La vision harmonieuse d'un Raphaël et celle tourmentée d'un Michel-Ange renvoient-elles précisément au même Dieu ? Les humbles personnages que sont les saints du Caravage et de Georges de La Tour peuvent-ils cohabiter avec les saints de Tiepolo ou de Rubens ? Le mysticisme maniéré et théâtral du Greco ne s'oppose-t-il pas à la profonde lumière intérieure des dernières œuvres de Rembrandt ? Ces questions, l'Église les a ignorées et n'a pas nourri une doctrine théologique qui s'était, durant des siècles, appuyée sur la fonction symbolique de l'image. Ne restent après cela que les contorsions équivoques du baroque (Sainte Thérèse, du Bernin, 1646, Sainte-Marie-de-la-Victoire, Rome), puis, au xviiie s., ce sera le vide, « la grande misère de l'art sacré ». Ce sera, enfin, au xixe s., la grisaille épuisée d'un Puvis de Chavannes, l'art décadent d'Hippolyte Flandrin (décor de Saint-Germain-des-Prés, 1842-1861), de Bouguereau (Vierge consolatrice, 1877, Louvre) et d'une foule d'artistes médiocres.

Le xxe siècle

En France, l'art sacré connaît un certain renouveau au début du xxe s. En 1919, à Paris, Maurice Denis fonde avec G. Desvallières les Ateliers d'art sacré. Les architectes concevront tout au long du siècle quelques sanctuaires dignes d'intérêt, de Perret (église du Raincy, 1922) à Le Corbusier (Notre-Dame-du-Haut, Ronchamp, 1950-1955) ou, plus récemment, Mario Botta (cathédrale d'Évry, 1995). Sur le plateau d'Assy, l'église (1937-1950) conçue par Novarina recevra des œuvres de différents artistes : Léger, Lurçat, Rouault, Bazaine, Chagall, etc.

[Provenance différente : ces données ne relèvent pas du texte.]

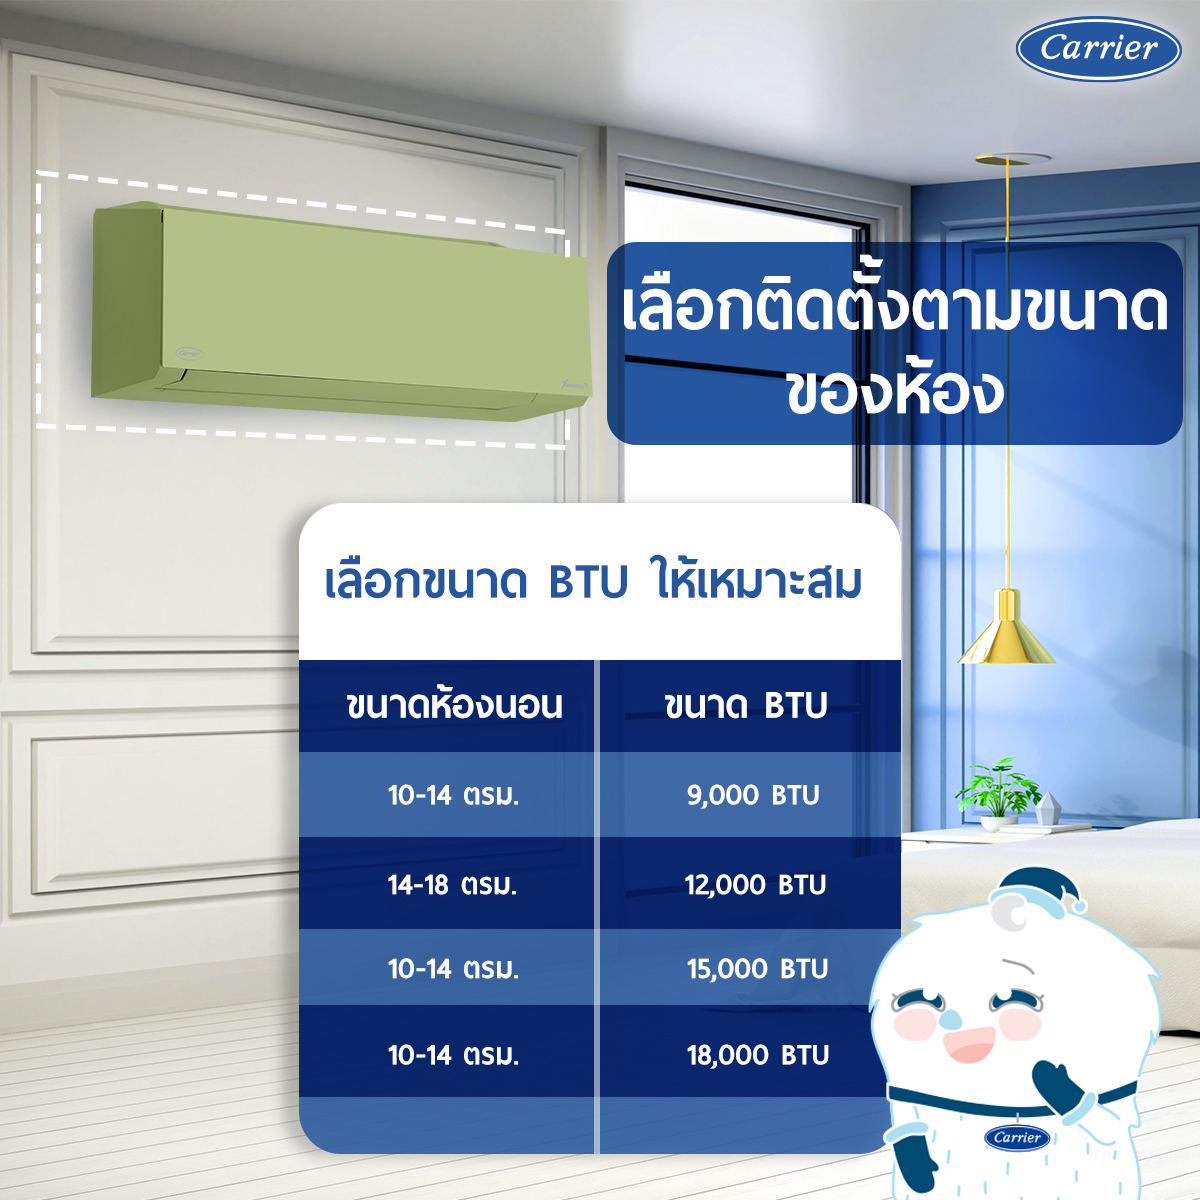 เลือกตำแหน่งติดตั้งแอร์ในห้องนอนอย่างไรให้เหมาะสม? - Carrier Thailand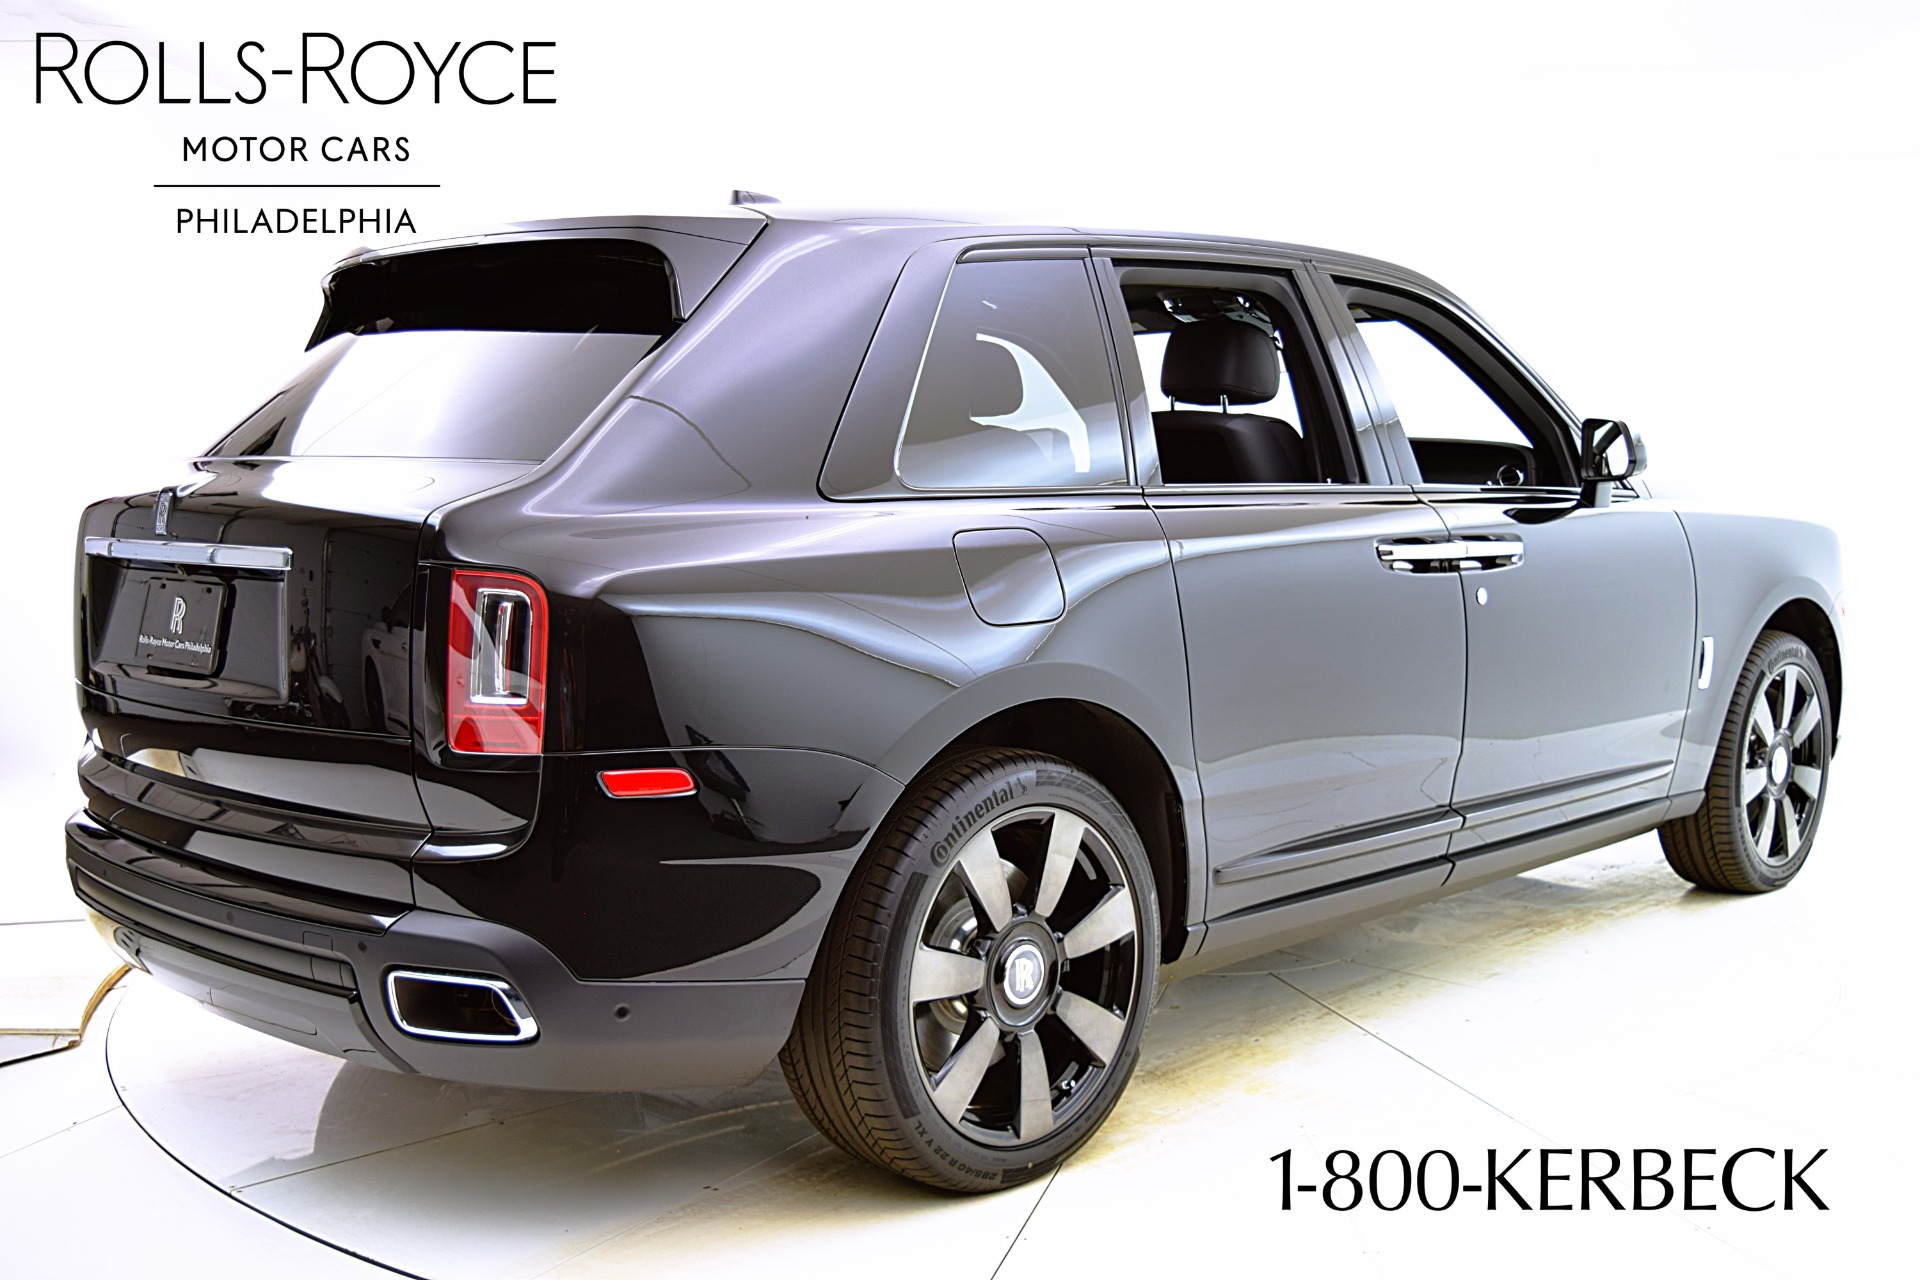 New 2021 Rolls-Royce Cullinan For Sale ($375,900)  Rolls-Royce Motor Cars  Philadelphia Stock #21R113

À la fin du xxe s., une audacieuse politique de commandes à des artistes contemporains s'est mise en place, des vitraux de la cathédrale de Nevers (Claude Viallat, Gottfried Honneger, Jean-Michel Alberola et François Rouan) ou de l'abbatiale Sainte-Foy de Conques (Pierre Soulages) à la « gloire » minimaliste du chœur de Notre-Dame de Paris (Marc Couturier).